To create "ROW_BASED"
projects, we need a slightly different configuration file, an example is provided in config.json.
You can try to create row-based projects using the same commands as above just by changing the configuration files:
npm run start -- create-projects quickstart/row-based/config/config.json
For more in-depth breakdown, please refer to row-based.md
Robosaur is developed using TypeScript and Node.js. We recommend using these versions:
- Node.js v16.13.2
- NPM v8 (should be bundled with Node.js)

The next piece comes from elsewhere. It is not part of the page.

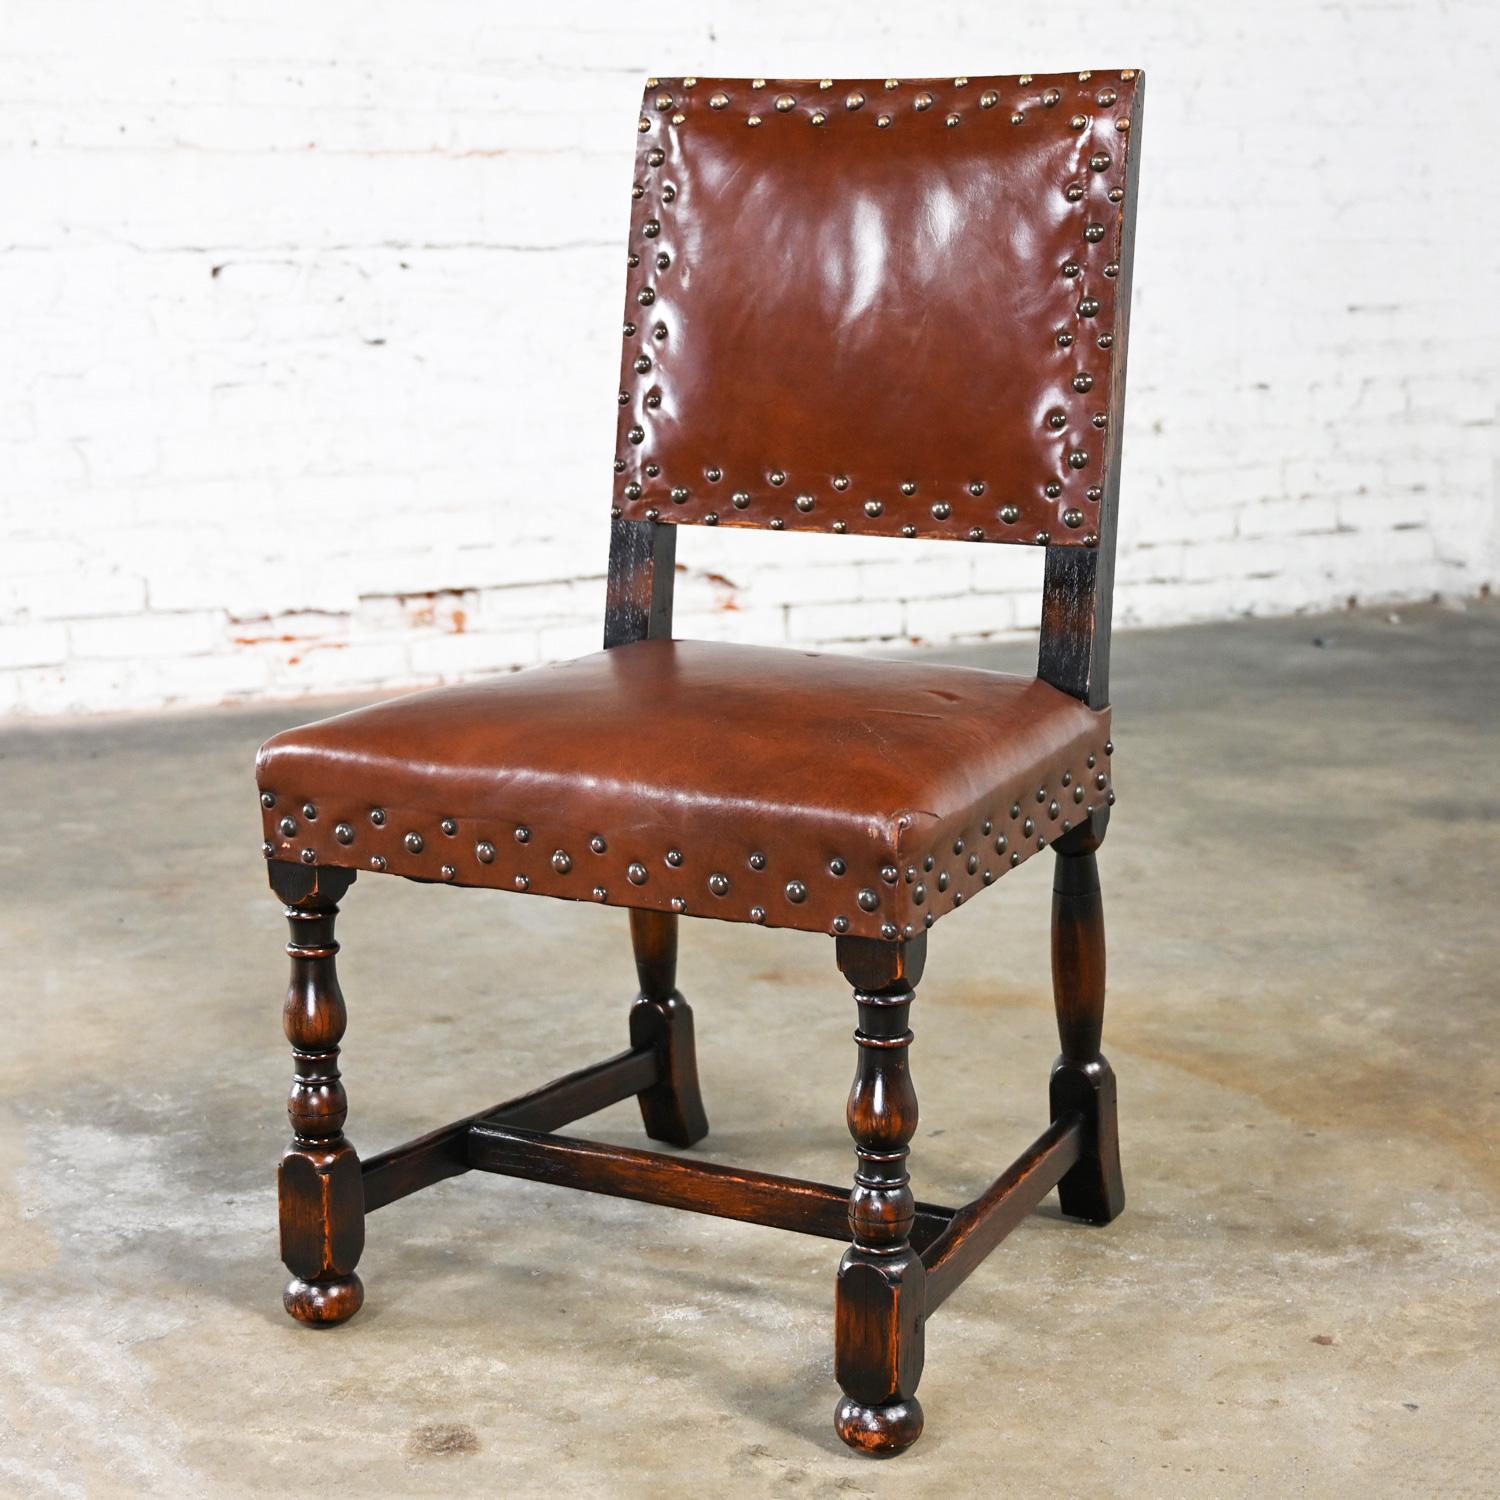 Spanish Colonial Spanish Revival Century Furniture Oak Side Chair Cognac Leather Nailhead Details For Sale
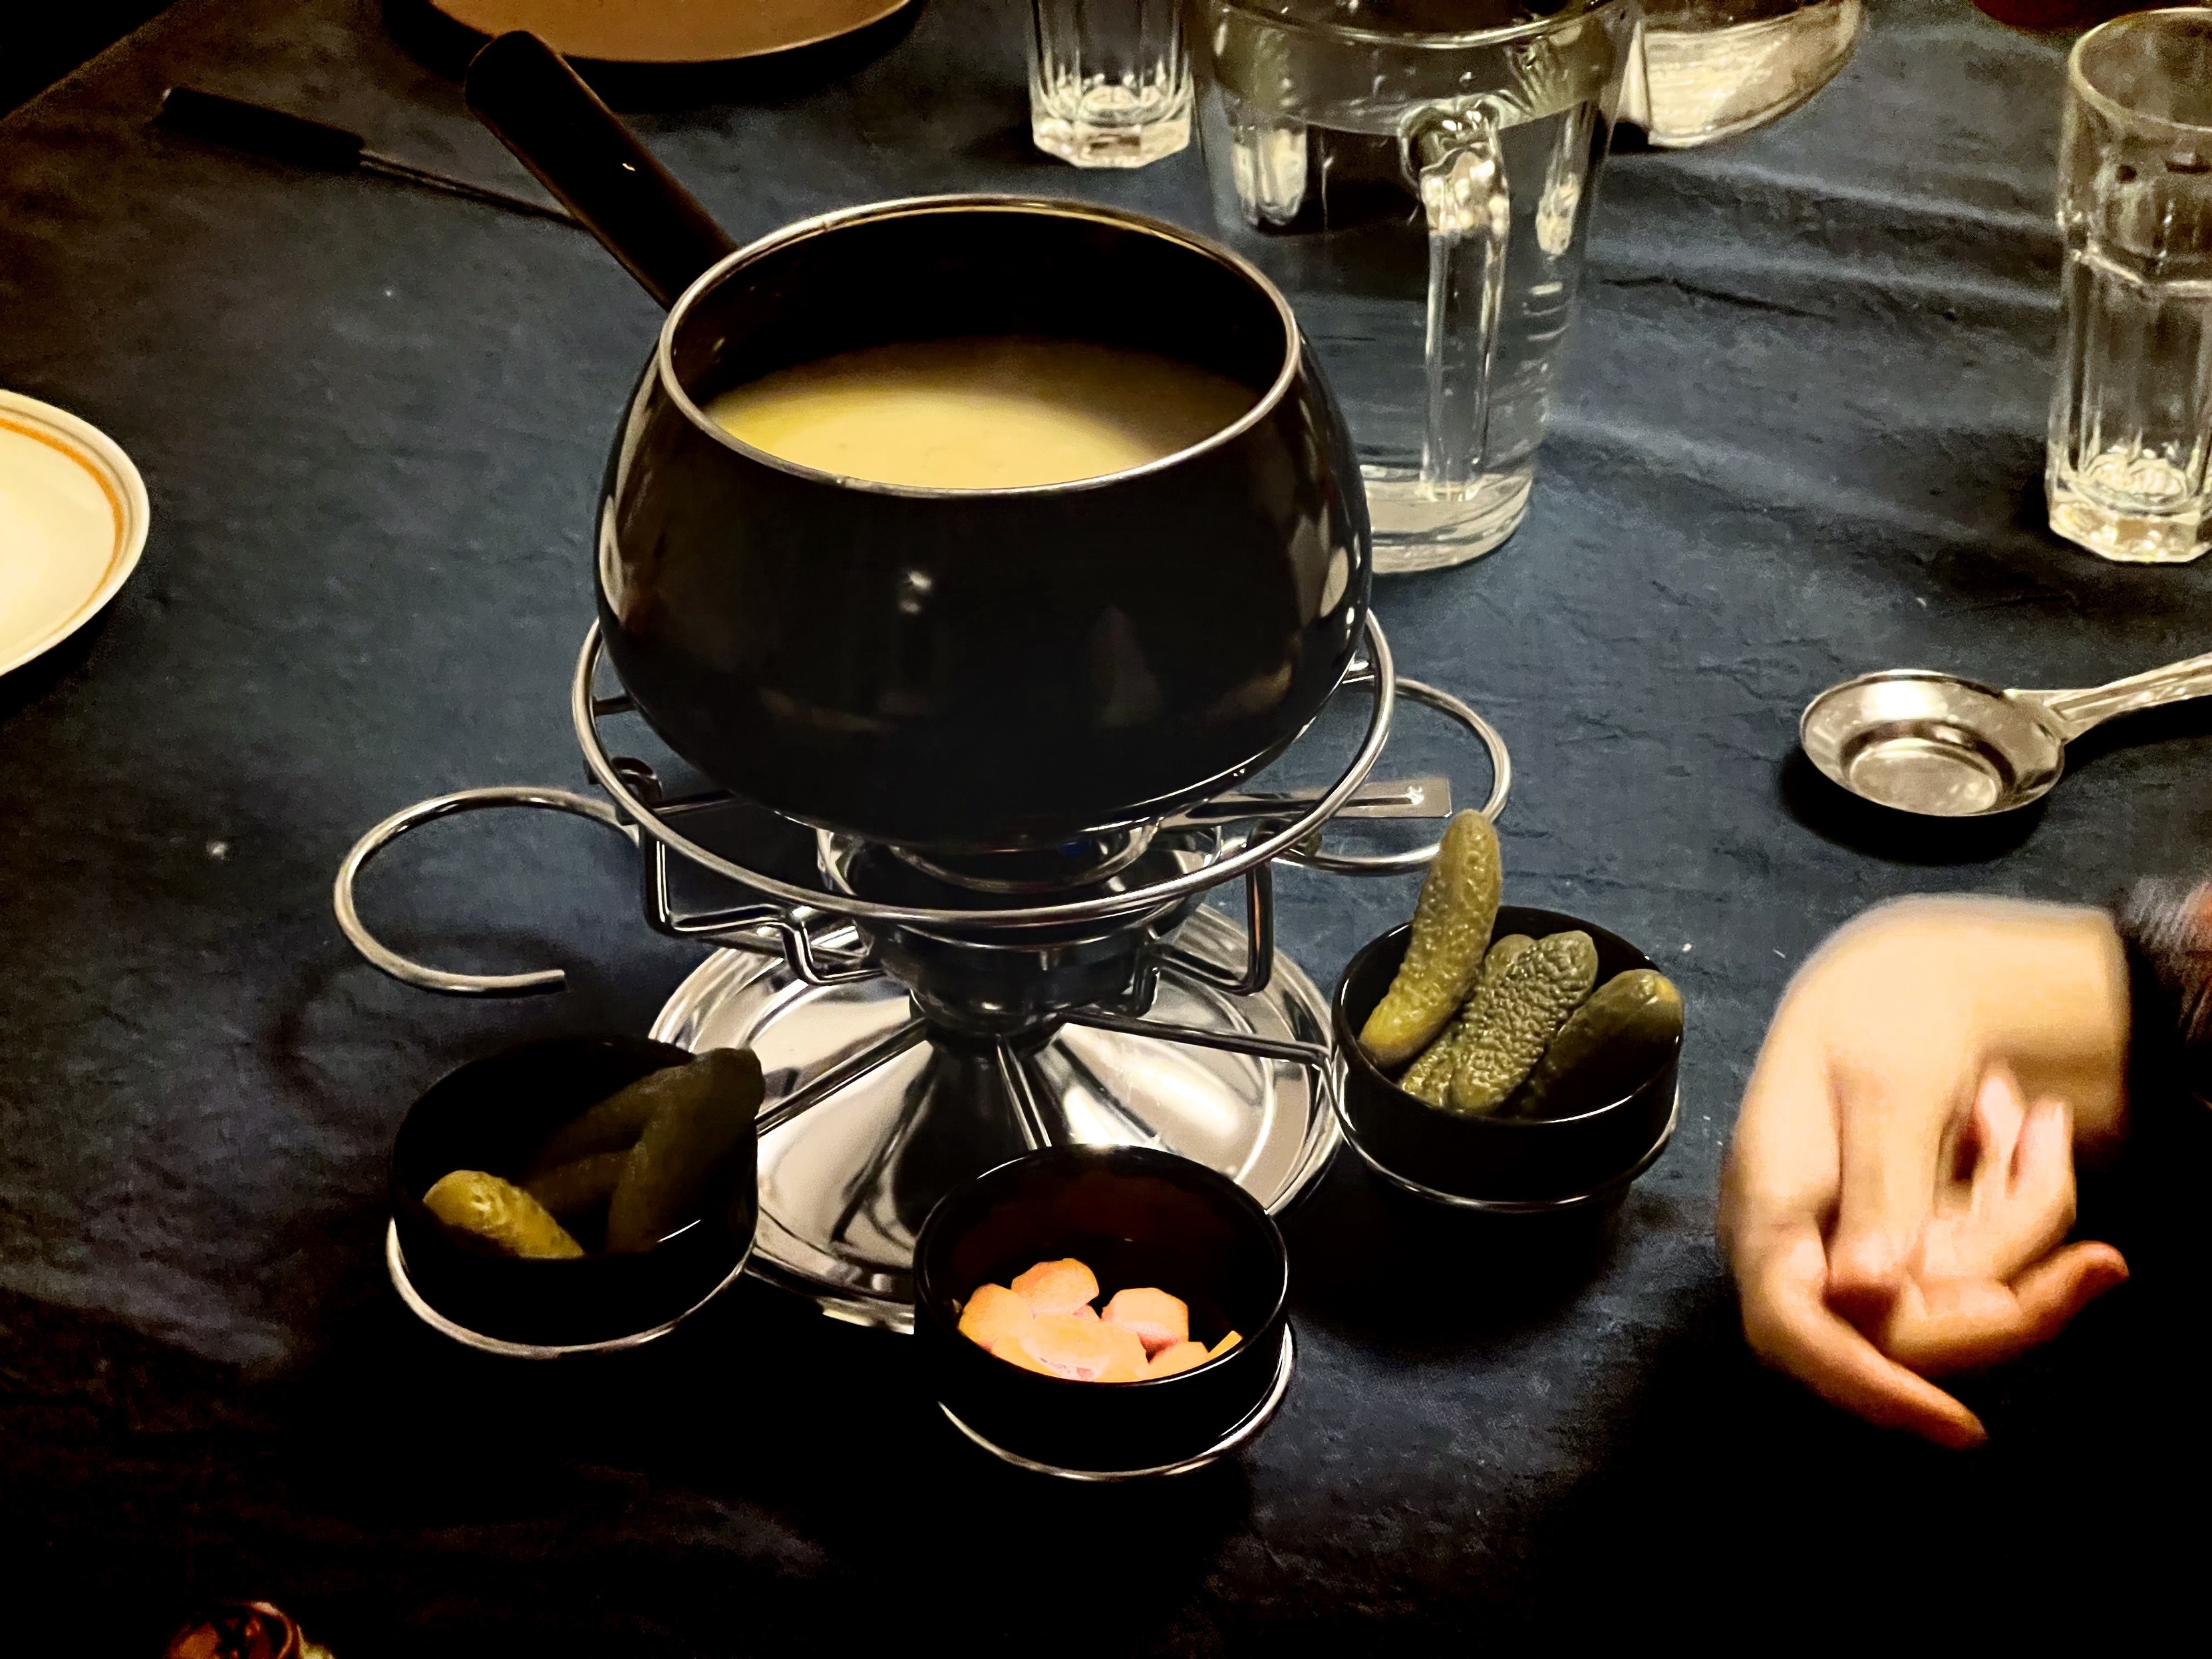 Fondue set on a dining table with a pot of melted cheese, dipping bowls with pickles and other items, and empty glasses. A person's hand is visible to the right.

Currently Robosaur supports two command: create-projects
& export-projects
. Please note that export-projects
is designed to only process projects previously created by create-projects
command.
For the explanation in this readme, we will use the file config.json as reference
$ npm run start -- create-projects -h
Usage: robosaur create-projects [options] <configFile>
Create Datasaur projects based on the given config file
Options:
--dry-run Simulates what the script is doing without creating the projects
-h, --help display help for command
Robosaur will try to create a project for each folder inside the create.files.path
folder.
{
"files": {
"source": "local",
"path": "quickstart/token-based/documents"
}
}
In this example, there should be two folders, Project 1
& Project 2
, each with a single file
$ ls -lR quickstart/token-based/documents
total 0
drwxr-xr-x 3 user group Project 1
drwxr-xr-x 3 user group Project 2
quickstart/token-based/documents/Project 1:
total 8
-rw-r--r-- 1 user group lorem.txt
quickstart/token-based/documents/Project 2:
total 8
-rw-r--r-- 1 user group little prince.txt
$ npm run start -- export-projects -h
Usage: robosaur export-projects [options] <configFile>
Export all projects based on the given config file
Options:
-u --unzip Unzips the exported projects, only storing the final version accepted by reviewers
-h, --help display help for command
Robosaur will try to export each projects previously created by the create-projects
command. Each project will be saved as a separate zipfile under the supplied directory in export.prefix
. For example, in config.json
, this is set to be quickstart/token-based/export
like so:
{
"export": {
"source": "local",
"prefix": "quickstart/token-based/export"
}
}
By default, Robosaur will request for a full project export - with each labelers' version of the project document included. For simpler workflows, where we only need the final version of the document, we can use the --unzip
option. With this option set, Robosaur will only save the final version of the document to the export destination.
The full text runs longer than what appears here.